Tens of thousands of citizens of the tiny kingdom of Bhutan came together earlier this month to welcome their newborn prince with Buddhist symbols by planting 108,000 trees, each sealed with a prayer for the heir to the throne.
Prime Minister Tshering Tobgay, three of his ministers, and the leader of Opposition were among the 100,000 volunteers who planted the trees across the country on March 6, about a month after King Khesar and Queen Jetsun announced the birth of their first child on February 5.
“In Buddhism, a tree is the provider and nourisher of all life forms, symbolizing longevity, health, beauty and even compassion,” said Tenzin Lekphell, who coordinated the initiative, called Tendrel in the local language. It wasn’t a coincidence that the Buddha attained enlightenment under a banyan tree, he added.

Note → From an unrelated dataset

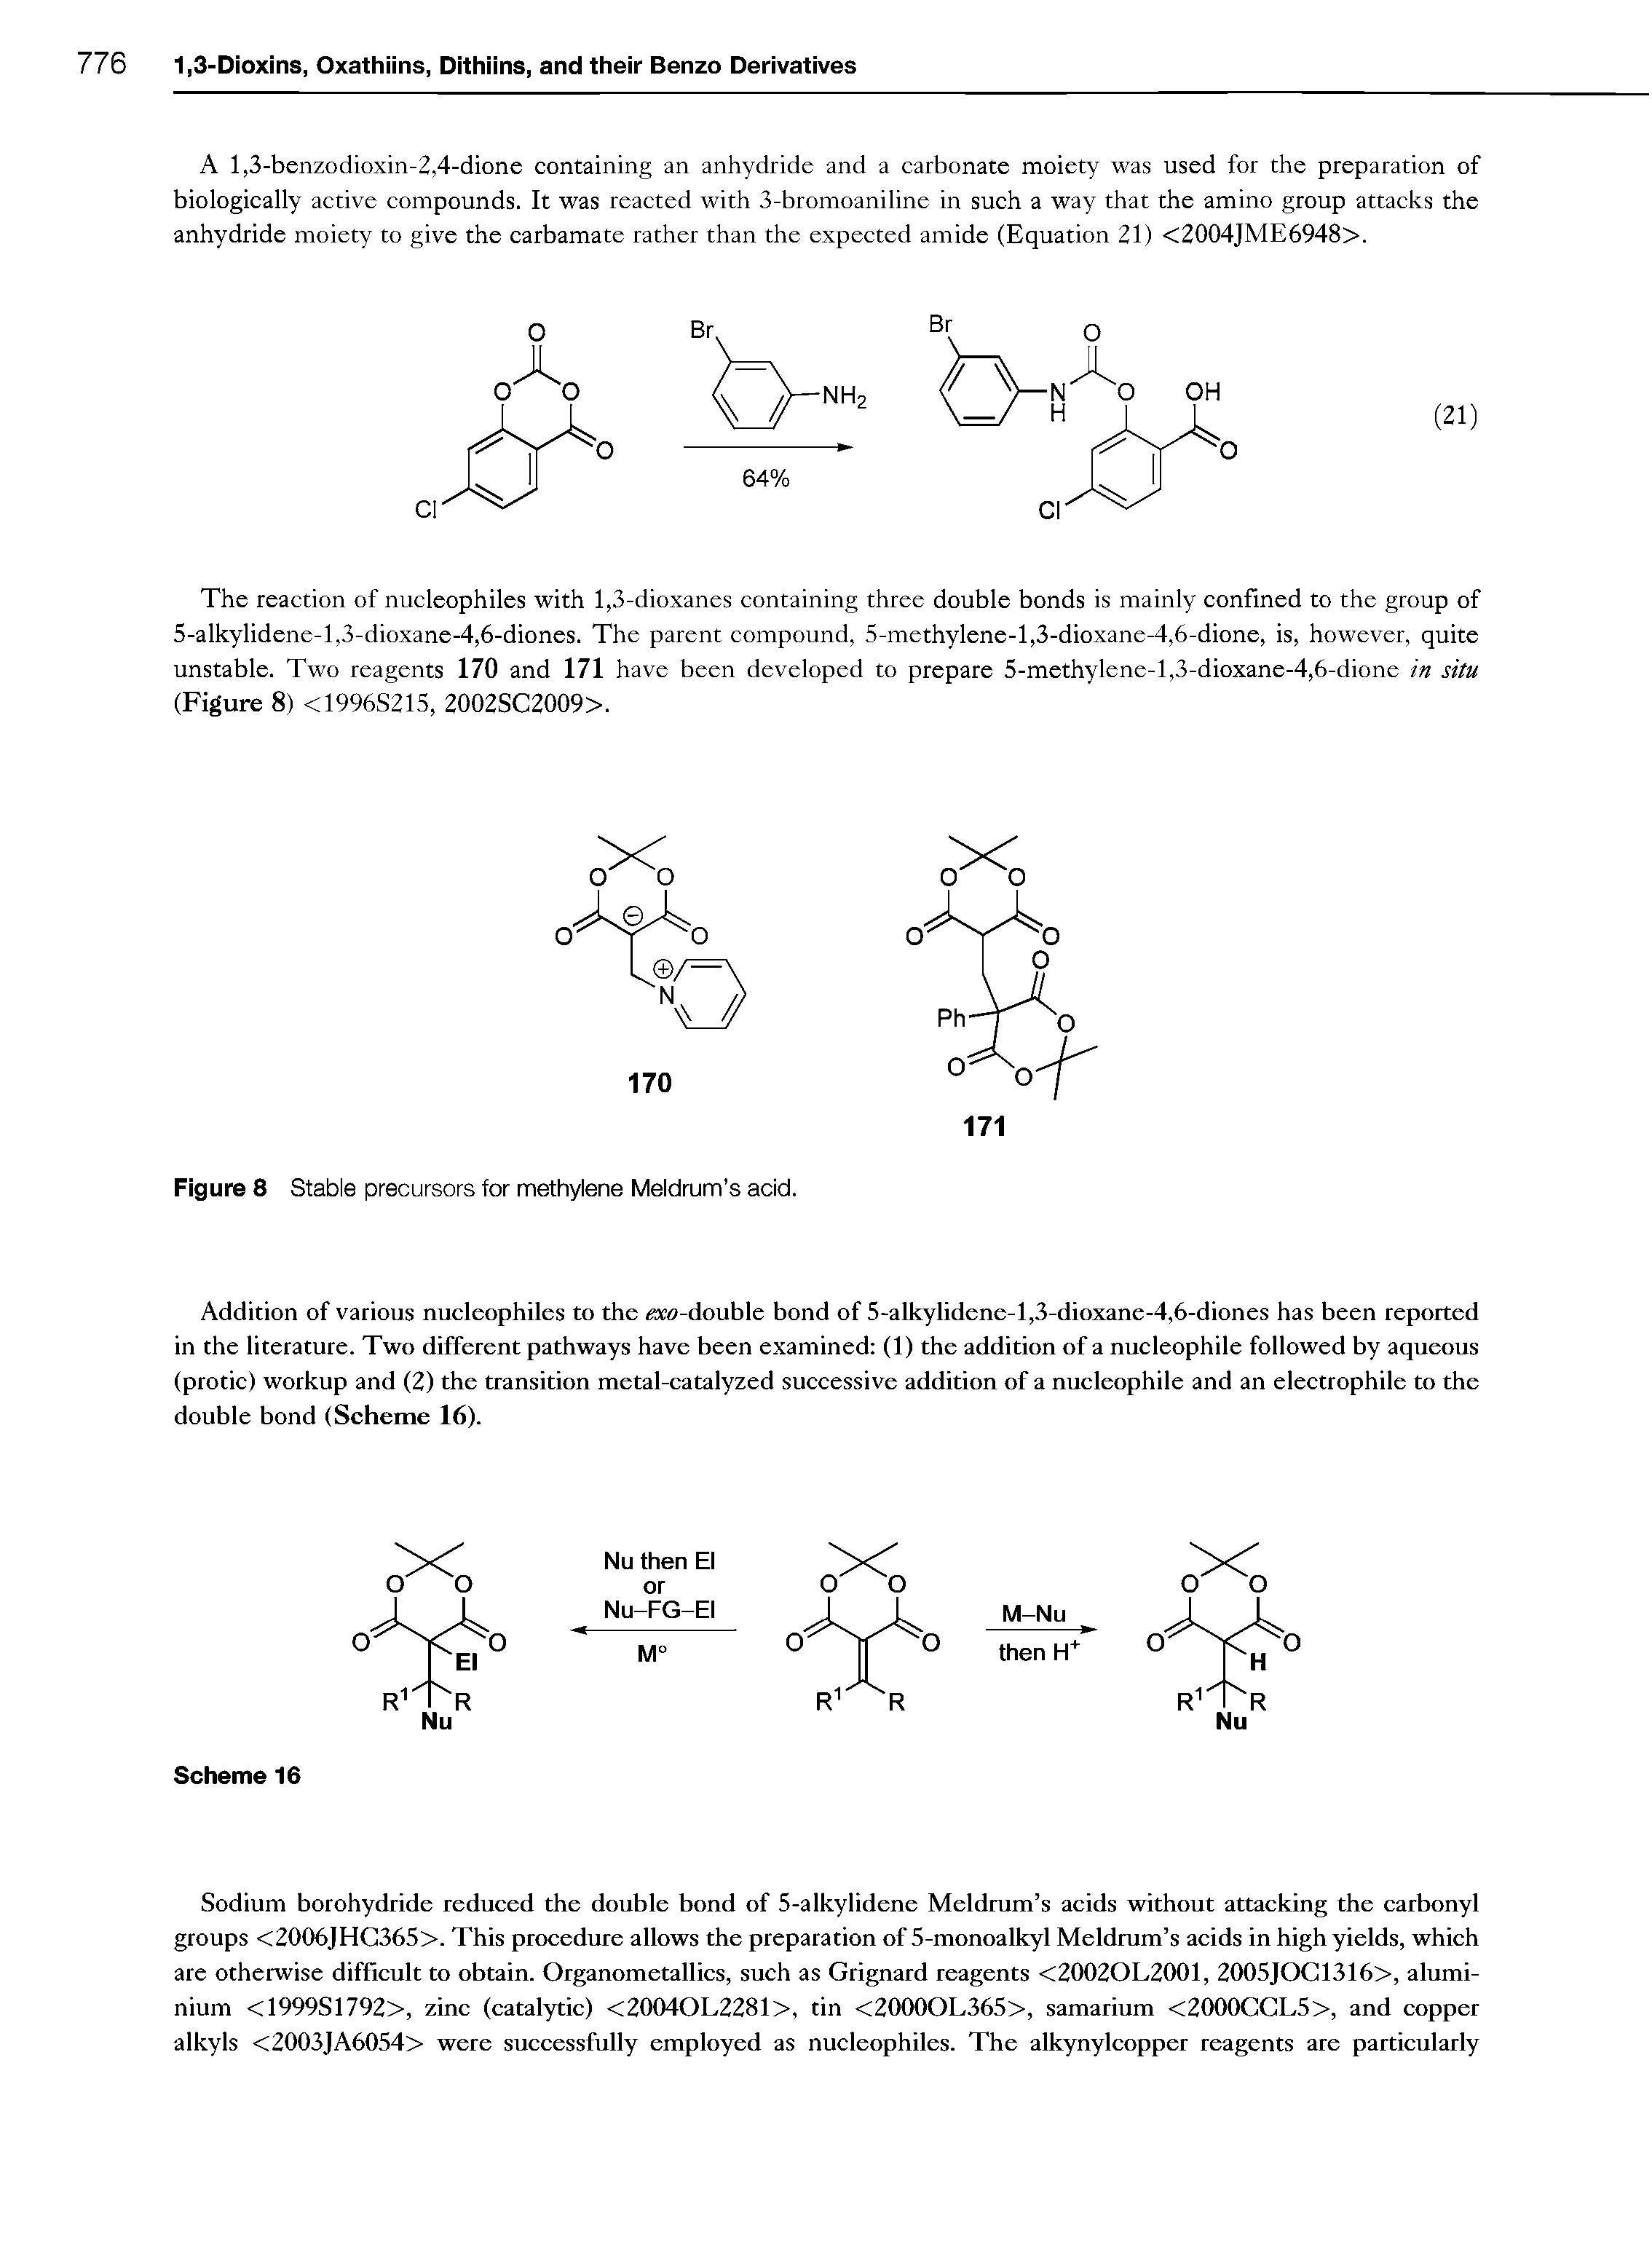 Figure 8 Stable precursors for methylene Meldrum s acid.

The number of trees planted was exactly 108,000, as “108” is a sacred number in Buddhism, denoting the cleansing of 108 defilements that impede beings from attaining enlightenment, Lekphell, who heads a private management institute, said. “Hence 108 beads in rosary.”
All 82,000 households in the country planted a tree, while the remaining 26,000 were planted by volunteers in special plantations in 14 districts. “Each sapling encapsulates a prayer and a wish from the person who planted it to His Royal Highness the Prince so that just like the bountiful tree, the Prince also grows up healthy, strong, wise and compassionate,” Lekphell said.
It would be hard to find another monarchy where people love and respect the royal couple as as Bhutanese do. Fireworks lit up the sky over the capital city of Thimphu during the royal wedding in October 2011. The low-budget wedding was designed to be modest, but the people – Buddhists, Hindus and Christians – made it grand by celebrating it with lights.
The Buddhist-majority Bhutan doesn’t have incidents of mass violence or terrorist attacks, which are routine elsewhere in South Asia. Bhutan was never colonized, and remains rooted in tradition. People credit this uniqueness to their monarchs. And the newborn prince promises continuity of the monarchy, which is the reason behind the celebration.
Bhutan, a democratic monarchy, has a unique policy of “Gross National Happiness,” which balances economic growth with environmental conservation and the wellbeing of its people. Its constitution states that the country shall always keep 60 percent of its total area under forest cover.
The term “Gross National Happiness” was coined by the fourth King Singye, the incumbent king’s father, in 1972, when he was just 16. Bhutan became a democracy in 2008, two years after King Singye abdicated in favor of Khesar, who introduced democracy against the wishes of the people.
While people still look up to the king for the nation’s stability and progress, the two elected governments have introduced reforms. Some issues related to civil and political rights remain and the country is yet to address alleged past human rights violations, but a slow and steady change appears to be taking Bhutan closer to being a true democracy. The king is seen as welcoming these changes.
As the people planted trees on March 6 in celebration, the Ministry of Tourism used the occasion to inaugurate a “Happiness Garden” in the national capital of Thimphu.
The 48,400-square-yard garden invites foreign tourists to plant “happiness trees,” with the aim of having trees representing every country in the world. “Bhutan is known as a country of happiness. To have a happiness garden is therefore logical. With this garden, we hope to bring the peoples of the world closer,” Damchoe Rinzin, a spokesperson for the Tourism Council of Bhutan, said.
Last June, a team of 100 volunteers in Bhutan set a new Guinness record by planting 49,672 trees in just one hour in mountainous terrain.